AVS overcomes challenges to continue producing music

Despite social distancing, SJC’s Advanced Vocal Studies group is managing to continue producing music despite being physically separated. The Sabre interviewed both Ms. Fernandez, the leader of the choir program, and Annie Phan ‘20 about their experience so far.

Annie Phan ‘20

Q: What is the process for putting together music from far apart? What kind of technology has been helping with this?

A: We’ve been working with songs we have already learned in the past and are familiar with so it’s easier to get the music together quicker. We’ve been filming ourselves singing and Mr. Hotaling the theatre director has been doing all the editing and video making. 


Q: Is there anything you would change about how AVS is operating right now?

A: Honestly just being able to see each other in person, but obviously that won’t happen for a while. 


Q: Favorite memory from AVS?

A: Probably singing “Tabula Rasa” during my first year of AVS and learning from the older members of AVS. Also creating friendships with younger or newer members of AVS. 


Q: As a senior, is there anything you’re going to miss about the group after the year is over, or anything you feel like you’re missing out on from home?

A: I will definitely miss the welcoming atmosphere of AVS. I would say we are almost like a family where we all have different interests and passions outside of singing, but we all still support and love each other. 


Q: What should we expect from AVS in the coming weeks?

A: Expect a virtual choir coming soon! It’s our first try at this so we hope it works out, fingers crossed!


Ms. Fernandez 


Q: What are some of the main challenges of trying to lead this group from a distance?

A: We literally can’t hear each other at all, ever. This can be really sad and disheartening, but also really difficult. Any time we’ve been rehearsing, we usually have to mute all voices except one, which is usually mine. We’ve also done some sectionals and small groups where everyone except one person is muted and the group has to work together on one passage or phrase. It’s really vulnerable and different singing into a device and having people stare at you instead of singing next to someone. It’s hard to describe why, but it might be easy to understand for students after having zoom classes, where it might be harder to speak up in class.

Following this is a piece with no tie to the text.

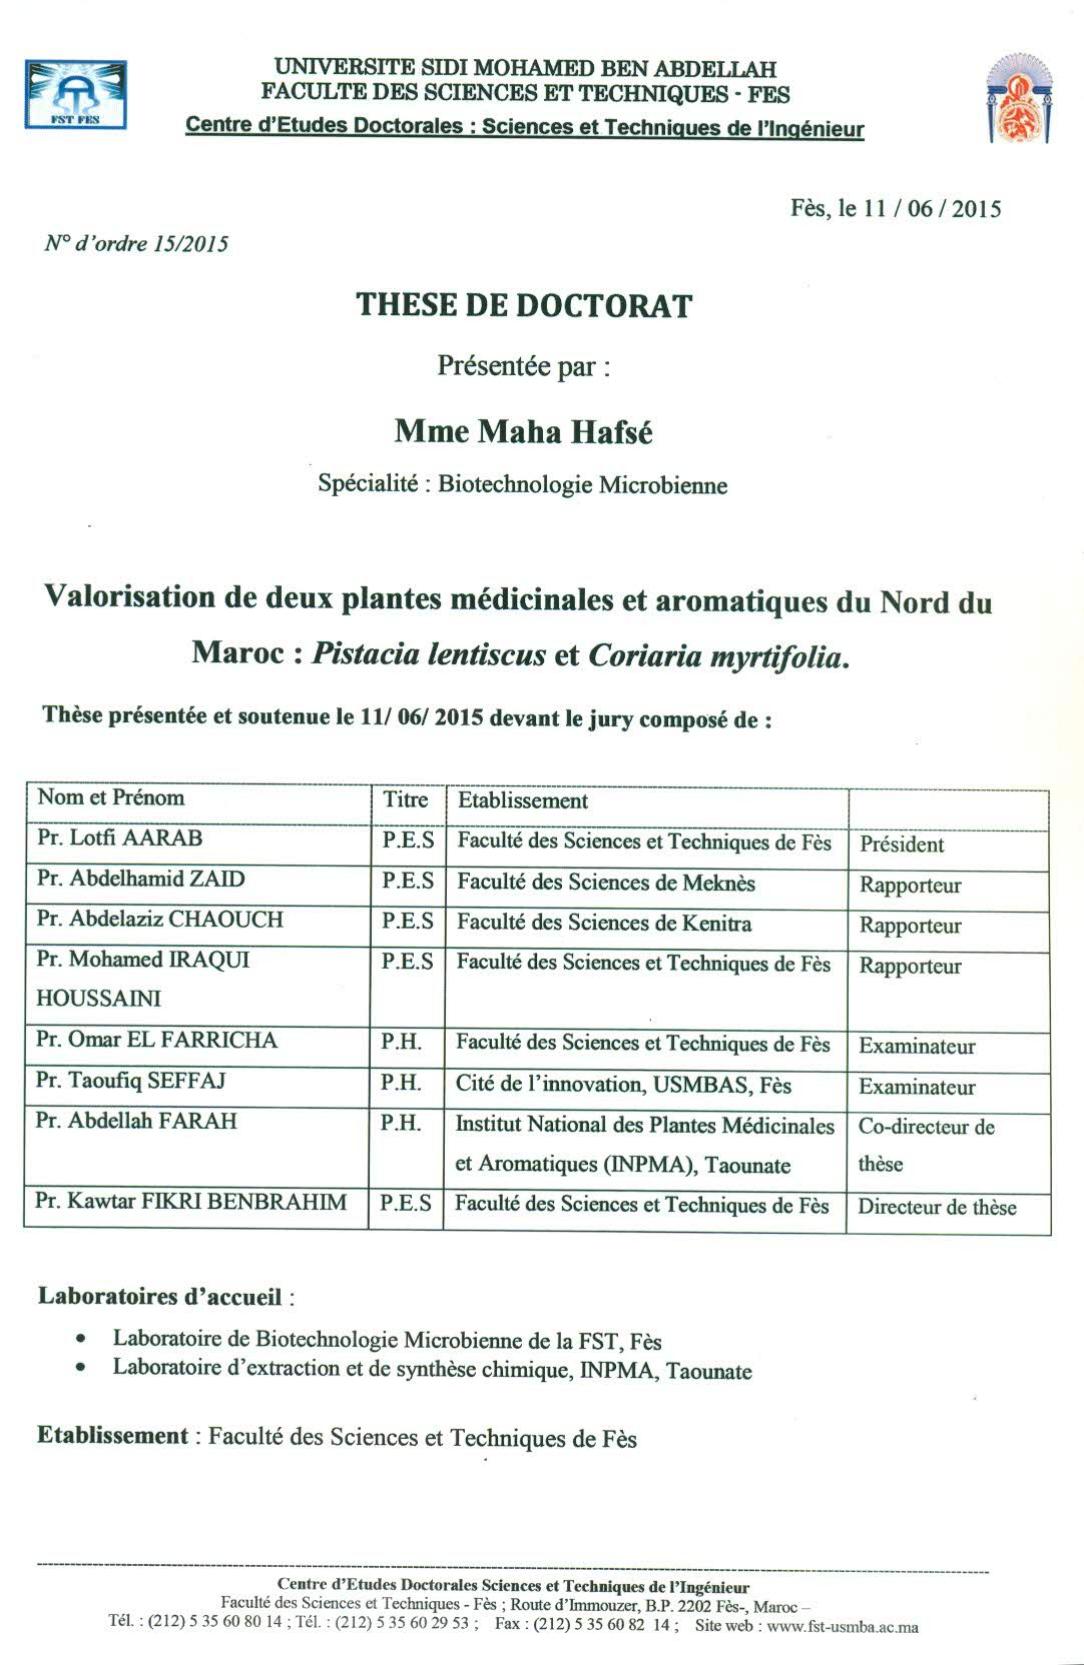 Valorisation de deux plantes médicinales et aromatiques du Nord du Maroc: Pistacia lentiscus et Coriaria myrtifolia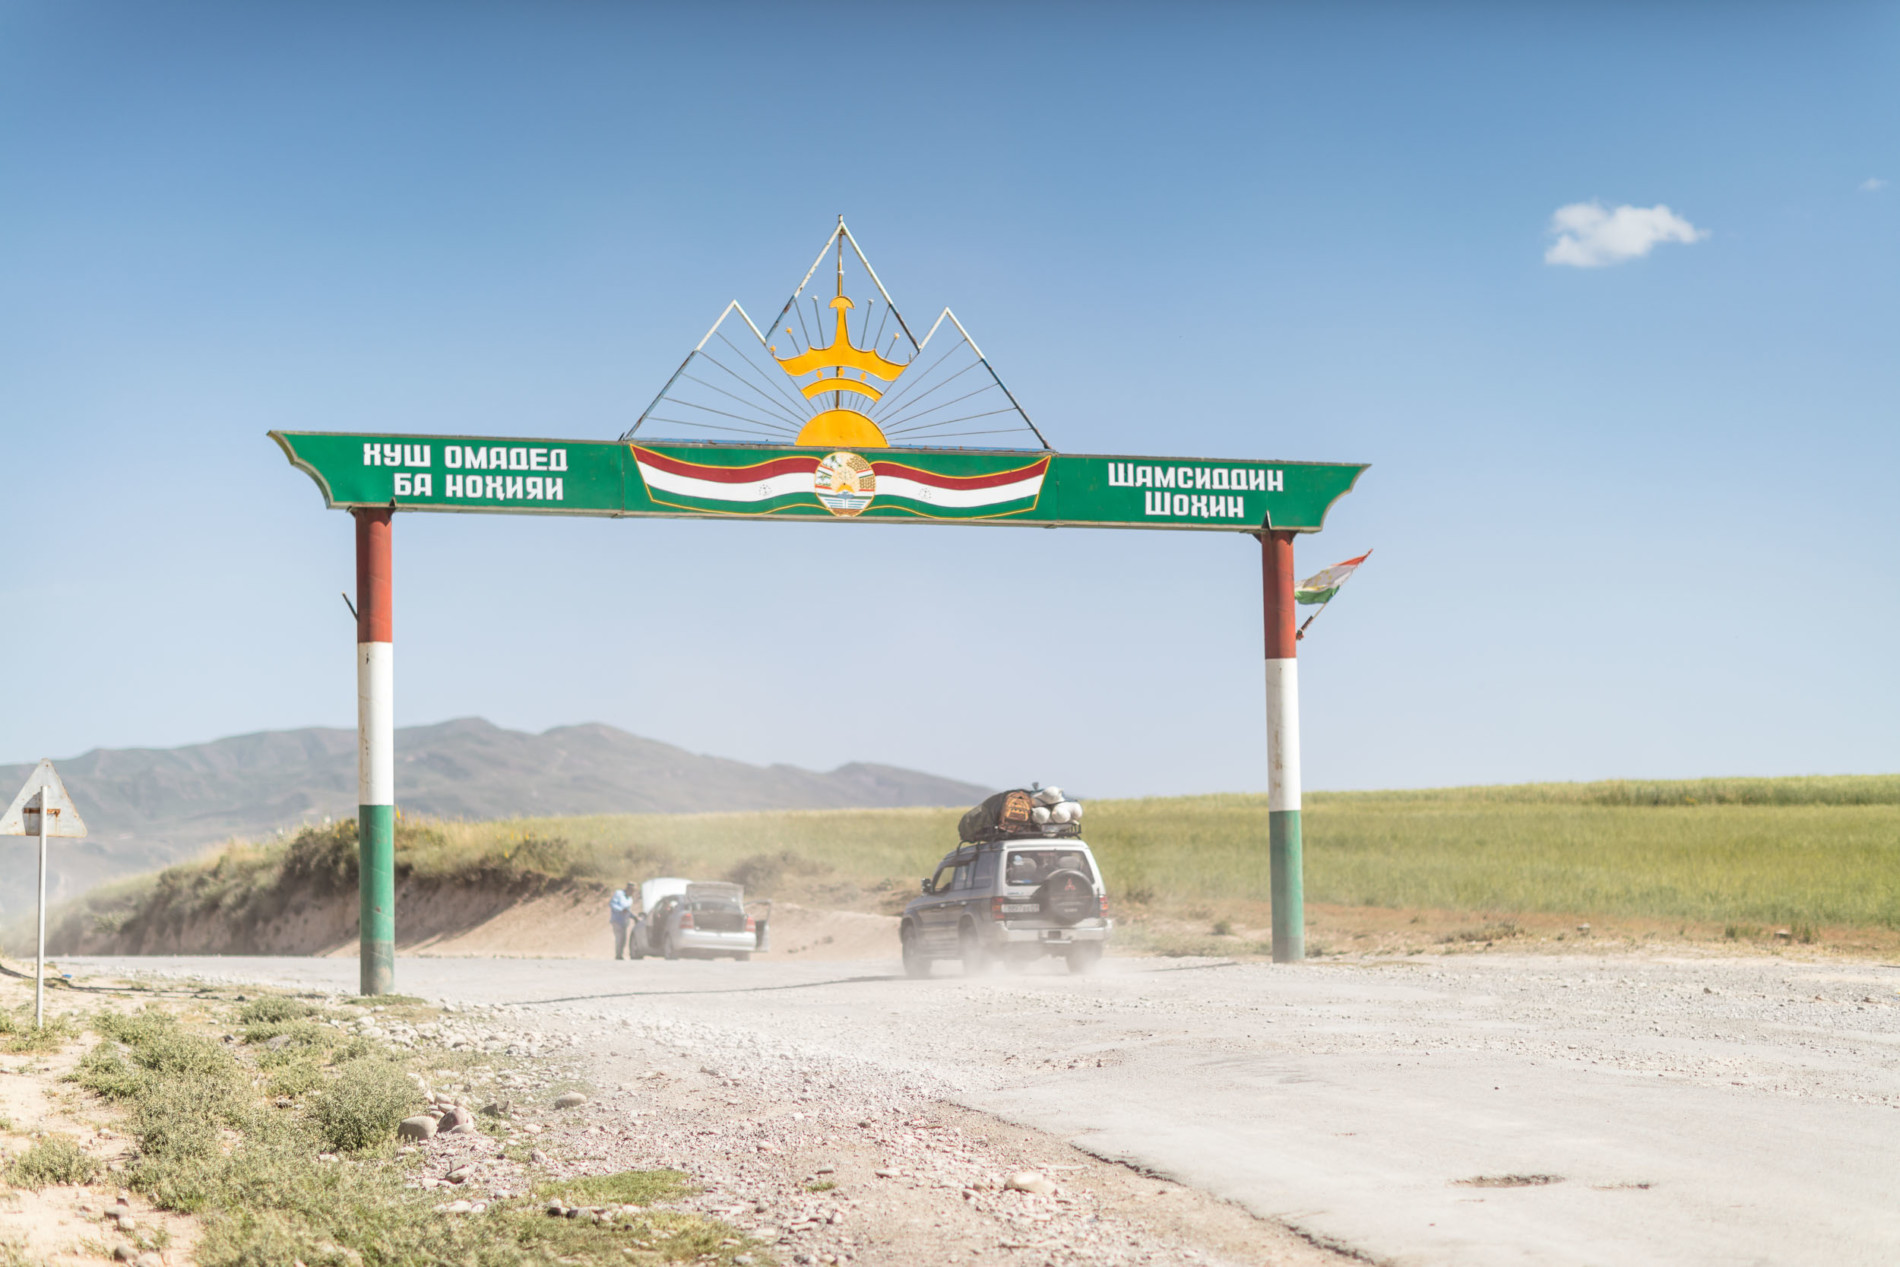  Tadschikistan

Q: What is the process for putting together music from far apart? What kind of technology has been helping with this?

A: Here’s where you need to give a BIG shout out to our NEW Theater Director: Mr. Luc Hotaling. He compiled and edited all of our individual videos to help us create our virtual choir experience. Sadly so many people think it’s as simple as everyone hopping on ZOOM and singing. It’s not. It’s a process that truly takes hours of time (we’re talking a part time equivalent) spent staring at a computer and mastering several programs that I am not familiar with.  Logic Pro X (stronger version of GarageBand), Movavi Video editor (stronger version of iMovie), and several others like them. Students also need access to multiple devices in order to create a video for one of these – so having an iPad and a phone to use together has been a blessing!


Q: Is there anything you have found to be helpful in keeping AVS’ sense of close knit community?

A: With them, meeting every day in some capacity. We agreed to meet after school to give ourselves a little more flexibility. Our meet time is not required, and a majority of the kids are there every day. Really we just use that time right now to walk about how we’re doing, strategies we’re using to keep ourselves on task, and testing out ideas for virtual choir. The kids have given me feedback on my virtual conducting and how to make it better and clearer. In our other chorus classes I’ve been zooming with them two to three times a week just to see their faces. We’re using our time to work on technique using theory and techniques. We’ve also just done some silly games, google polls, family feud, fun Friday’s, and shared memes, which have become a whole other part of performance art. Describing how memes and gifs and videos have become their own types of performance art are a nice way to discuss performing without being able to perform together.


Q: What should we expect from AVS in the coming weeks?

A: AVS did successfully figure out how to create a virtual choir with Mr. Hotaling’s help. The first video that’s going to come out is a teaser of us seeing if this will work. About nine or ten students contributed and it worked! The magic is the only thing they heard was the tic of a metronome. They were given one pitch and the pitch of a metronome, and that was it. Most virtual choir videos have an audio backing that students are listening to to stay in tune so I am unbelievably impressed with what these kids were able to achieve with just a video of me conducting and a metronome tick. Once we had that success we decided to tackle the whole song. The song is “Stand by Me” and we convinced Mr. Camillo to create a backing track for us in order to allow us to sing for three to four minutes and stay in tune. So Mr. Camillo created a backing track on the piano and we synced it with my conducting video, and there’s even a key change involved. We’re hoping that video will come out in another week or two, and it will be a full arrangement of Stand By Me. Finally, we have a larger project that we just discussed this week about taking our meditation song, Let Us Remember, which is very pointedly Lasallian, and seeing if we can combine SJC choir voices that are interested and have a massive SJC virtual choir. It may not come out until the summer, but our hope is to collect these videos during exam week, so any choir student that has learned the peace and wants to contribute can. We’re hoping to create a virtual choir that can let us remember that we are in the holy presence of God and remember this time.